Utah Department of Transportation began installing these barriers in 2003 and now has them along 300 miles of highway, primarily on sections on I-15 and I-80.
“The cable barriers absorb the force of the crash,” UDOT spokesperson John Gleason said Friday. “They act as a net to catch the vehicles before they go into oncoming traffic.”
Utah Highway Patrol Lt. Todd Royce said troopers have responded to many accidents where vehicles have hit these cable barriers.
“We've seen them catch large SUVs, semis, small cars, just about anything,” he said.
According to UDOT statistics, crashes where a vehicle has crossed over the median are seven times more likely to result in a fatality.
About 5:40 a.m. Friday, 50-year old Kevin R. Miller, of Payson, died when his pickup truck apparently hit some black ice in the northbound lane of I-15 in Spanish Fork. The vehicle rolled over the top of the cable barrier at mile marker 253 and ended up on the northbound lanes, and was then struck by a semi.
Studies conducted by the Federal Highway Administration have shown that these cable barriers have been very effective in reducing the number crash fatalities and serious injuries across the nation.
Gleason said in Utah, the results are positive as well.
“It’s not 100 percent effective, but it is effective in areas where we have put in these cable barriers,” he said. “We’ve seen about a 95 percent crash reduction from those vehicles going across the road.”
Royce said he has responded to many accidents in Utah before the barriers began to be installed 15 years ago.

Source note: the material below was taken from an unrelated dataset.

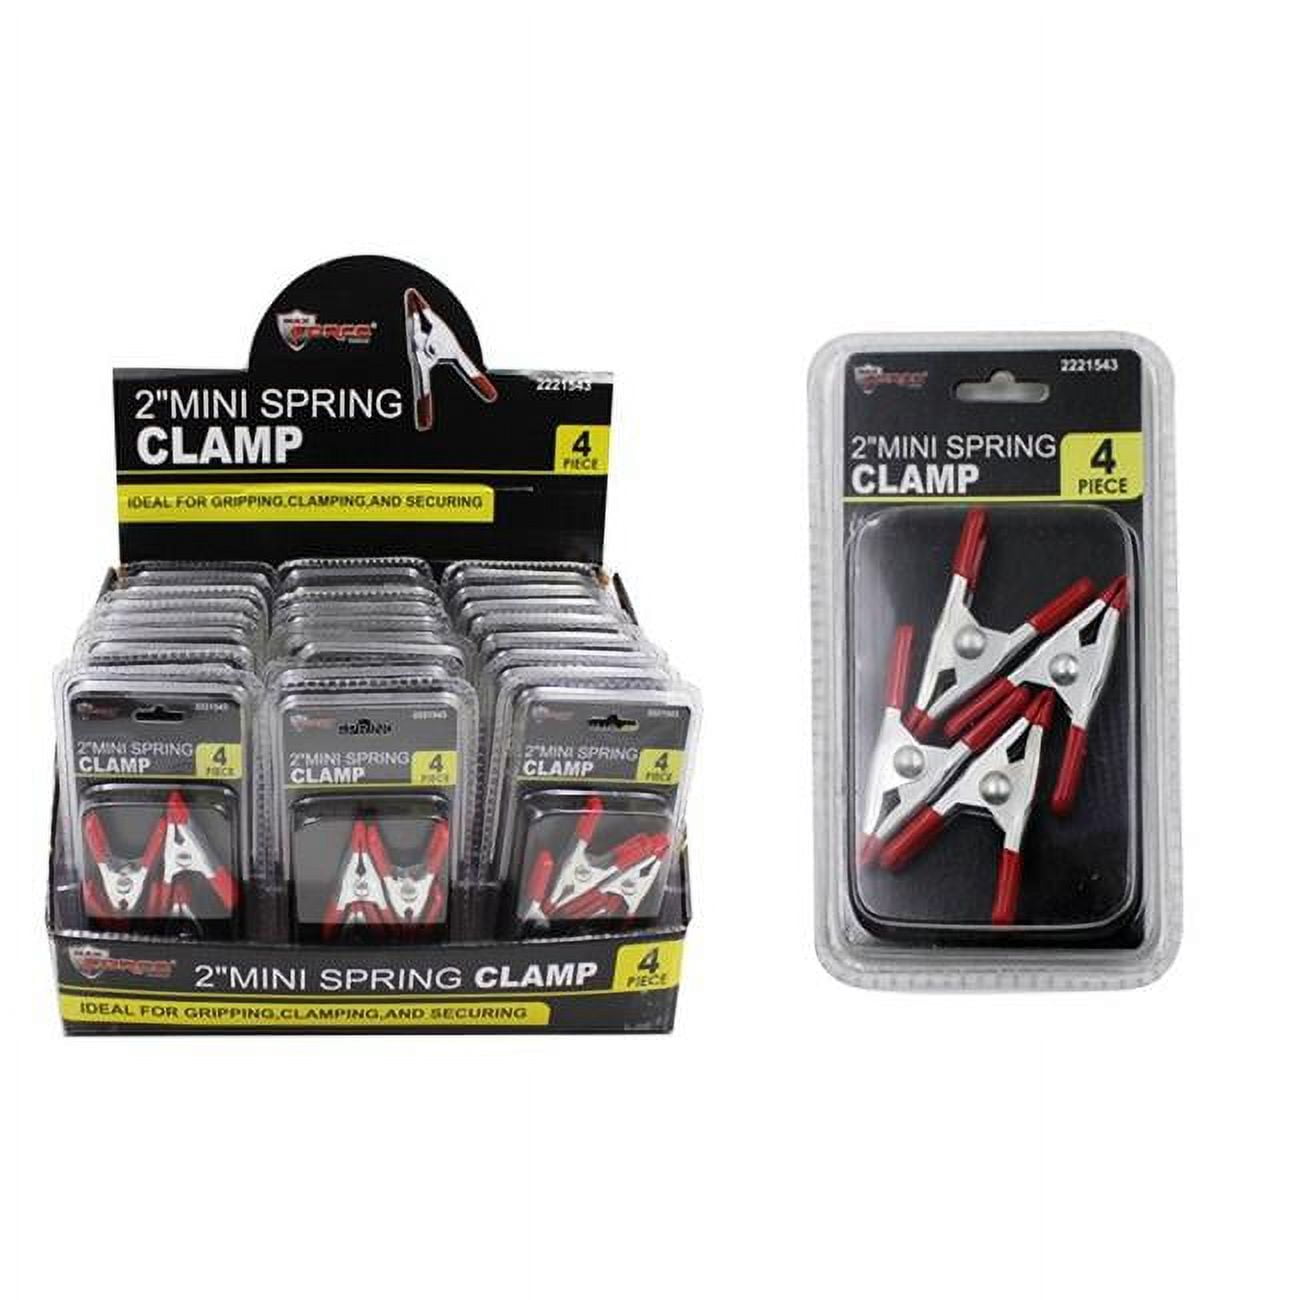 2291847 2 Ft. 4 Piece Metal Spring Clamps - Case Of 24

He said they definitely have made a difference.
“Just with the time I spent down in Utah County and working throughout the state, they definitely have saved lives,” Royce said.
As UDOT continues to rebuild and make improvements on roads across the state more center median barriers — both concrete and cable — will be built.
“This has been a very effective way to prevent those crossover crashes so it is a method that we would use in the future, “ Gleason said.